This article systematically analyzes the current status of antibiotic use in very preterm infants, explores ethical dilemmas from the perspectives of parents, medical teams, and regulatory bodies, highlights the importance of antimicrobial stewardship programs (ASPs), and proposes strategies to optimize antibiotic management while balancing neonatal health benefits and antimicrobial resistance (AMR) risks.
Literature Overview
This study, titled 'Neonatology: First Exposure To Antibiotics from the Ethical Perspective of Parents, Physicians, and Regulators', published in the journal Antibiotics, reviews the complex ethical relationships between antibiotic exposure and very preterm infants (VPIs). The research emphasizes that antibiotic use in neonatal intensive care units (NICUs) extends beyond clinical treatment to encompass family emotional dynamics, allocation of medical decision-making authority, and global antimicrobial resistance (AMR) challenges. It thoroughly examines diagnostic tools, duration standards for antibiotic administration, and stakeholder position differences in decision-making, offering multidisciplinary insights for clinical practice and policy development.
Background Knowledge
Due to underdeveloped immune systems, very preterm infants face high infection risks, necessitating widespread antibiotic use in NICUs. However, prolonged antibiotic exposure correlates with increased AMR, microbiome dysbiosis, and developmental complications. While substantial evidence supports biomarker-guided antibiotic protocols (e.g., PCT, CRP), overtreatment and empirical prescribing remain prevalent. Parents often lack critical information for informed decision-making, while regulators confront rising AMR rates and delayed pharmaceutical innovation. This paper introduces an ethical framework to reconcile these stakeholder interests and proposes actionable pathways for optimizing antibiotic use.
Research Methods and Experiments
The study employs a systematic literature review combined with ethical analysis to evaluate antibiotic use patterns in very preterm infants. It assesses the role of diagnostic tools (CRP, PCT, IL-6, blood cultures) in guiding initiation, continuation, and discontinuation of antibiotic therapy. Ethical conflicts and potential collaborations among stakeholders (parents, physicians, regulators) are analyzed through clinical studies, systematic reviews, and epidemiological data.
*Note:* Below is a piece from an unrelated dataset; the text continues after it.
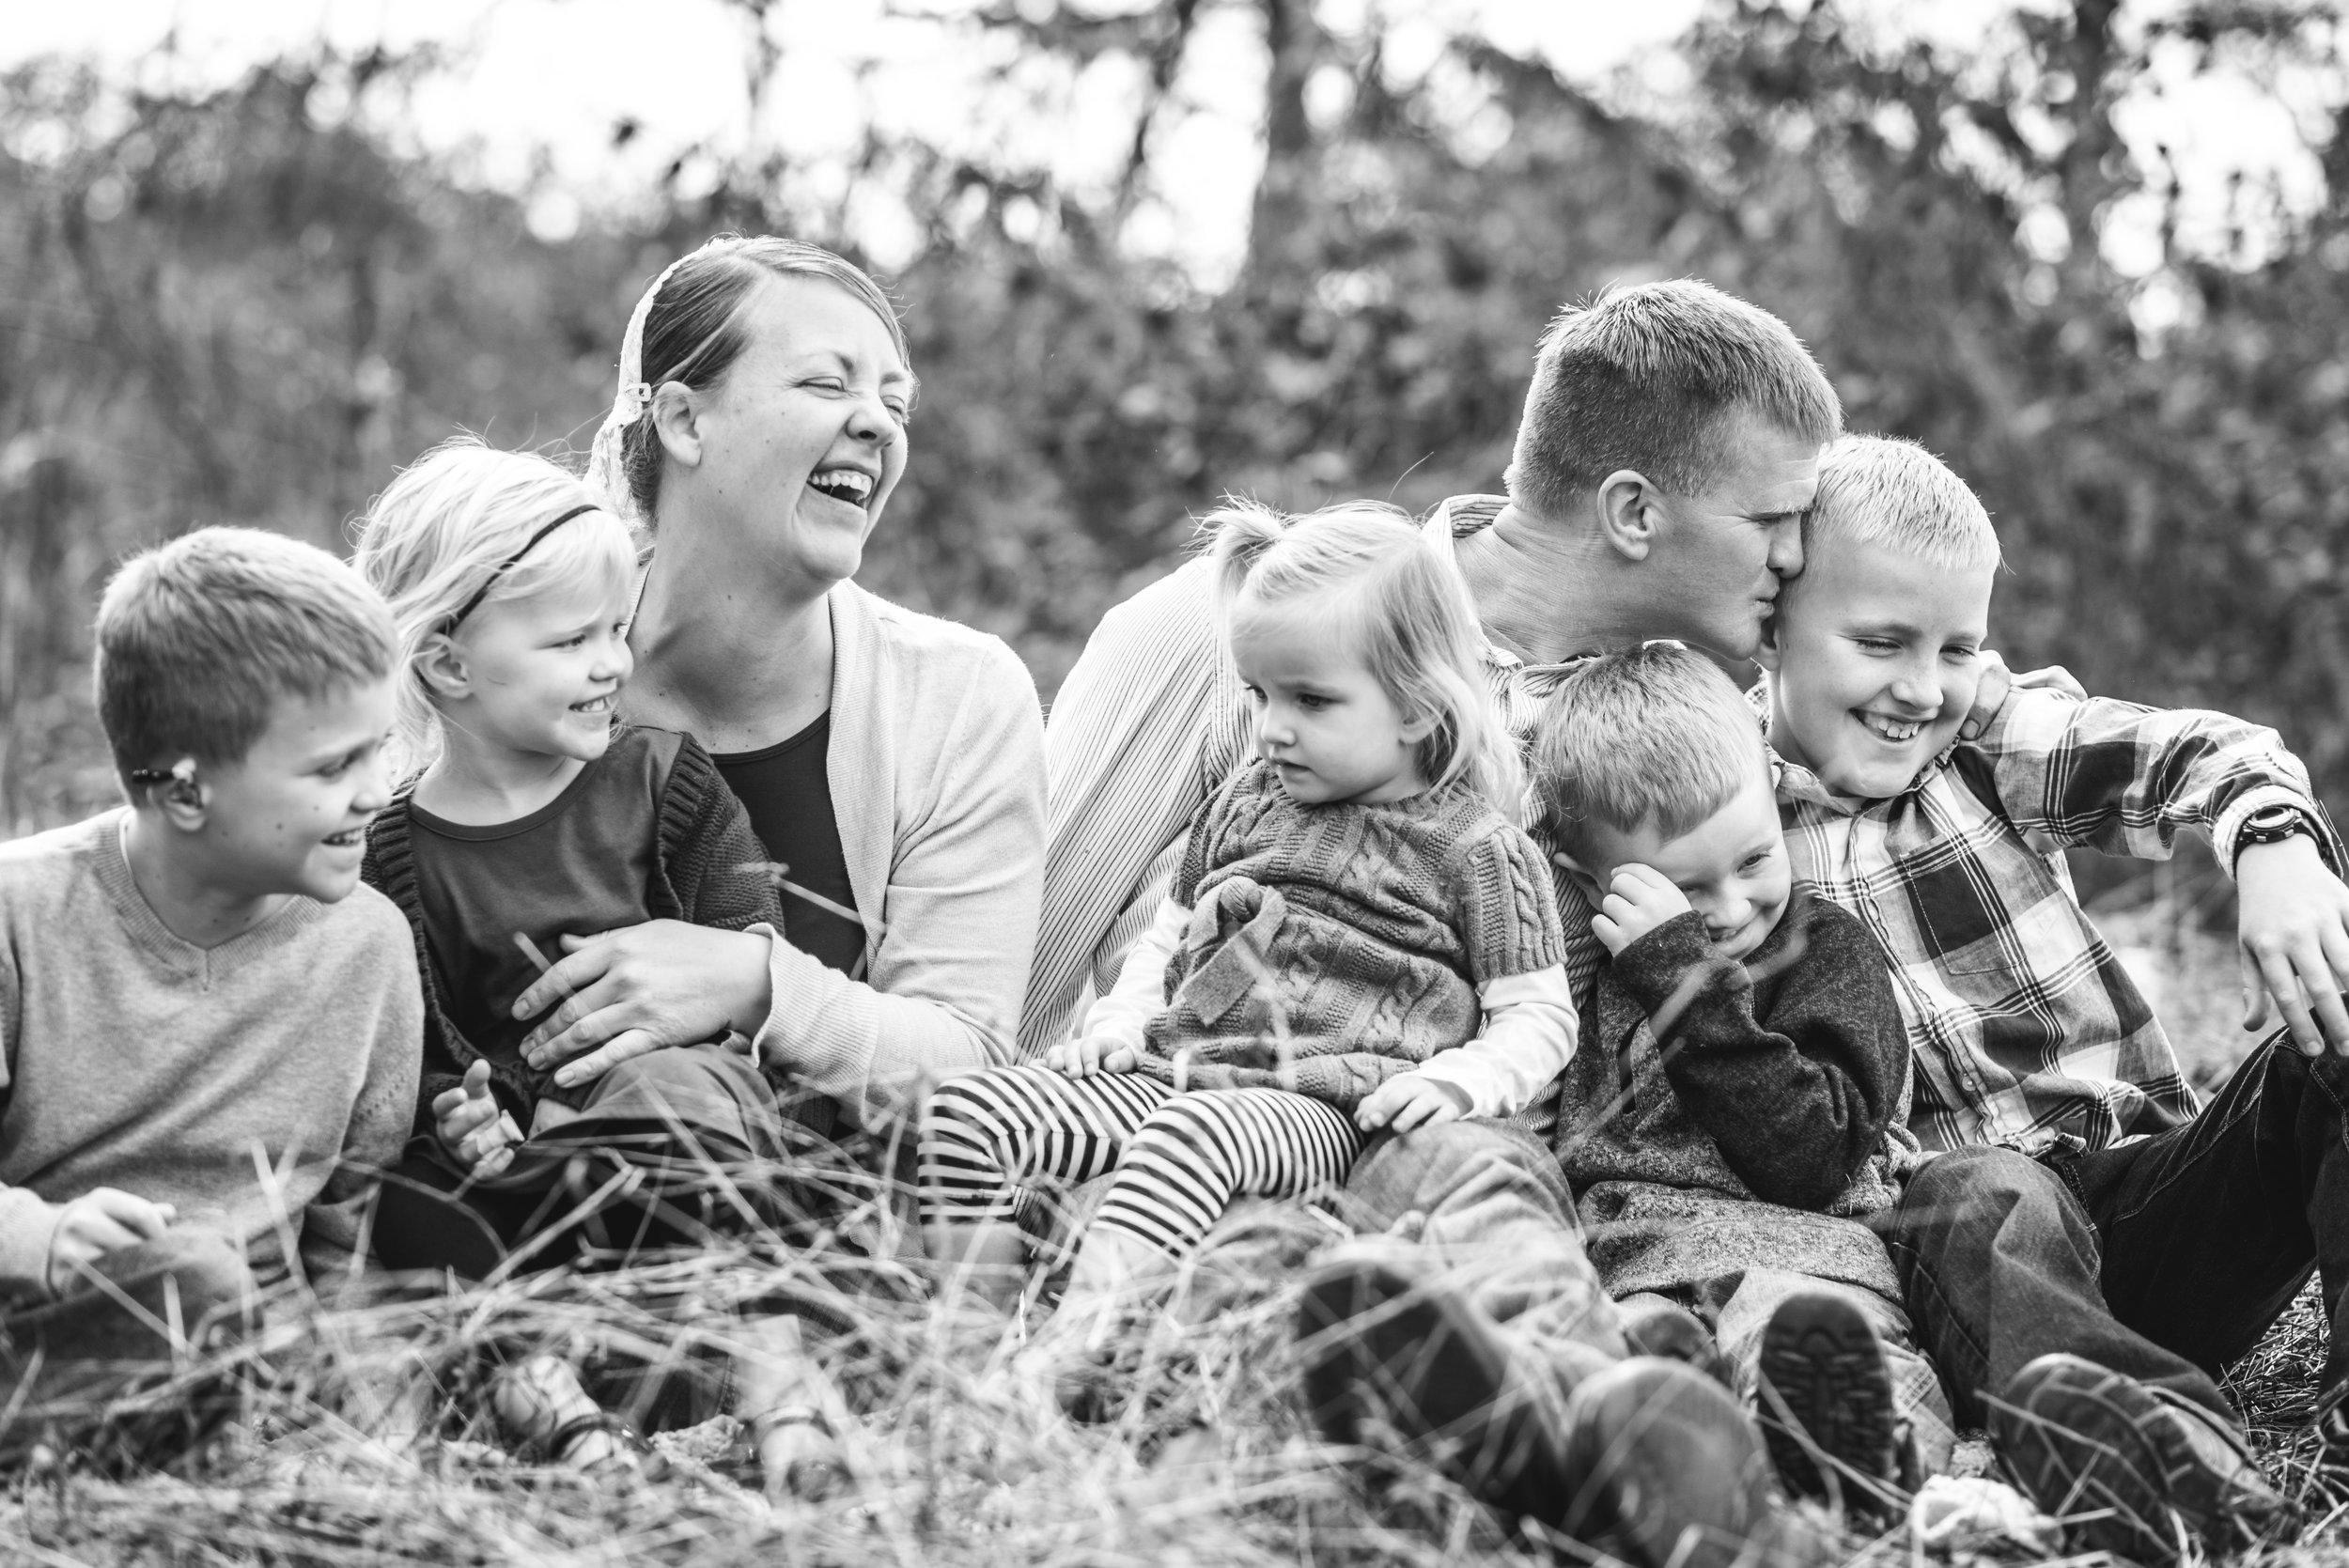 christi-stoner-photography-lancaster-pa-lifestyle-family-outdoors

Key Conclusions and Perspectives
Research Significance and Prospects
The study identifies ethical tensions in neonatal antibiotic prescribing and underscores the necessity for collaborative decision-making frameworks. Future priorities include establishing standardized communication protocols with families, developing NICU-specific ASP guidelines, implementing risk-stratified treatment strategies, and creating multinational observational networks to address ethical and methodological limitations in preterm infant clinical trials.
Conclusion
Very preterm infants represent a high-risk population for antibiotic exposure, requiring intricate ethical balancing in clinical decisions. This analysis reveals critical trade-offs between infection control and long-term developmental outcomes. While antibiotics significantly reduce mortality from early-onset sepsis, their misuse accelerates resistant pathogen spread and compromises neurodevelopmental trajectories. Recommendations include NICU-specific ASP customization, enhanced family-physician communication protocols, personalized treatment approaches based on risk assessment, and expanded utilization of real-world data and systematic observational studies to establish evidence-based neonatal care standards.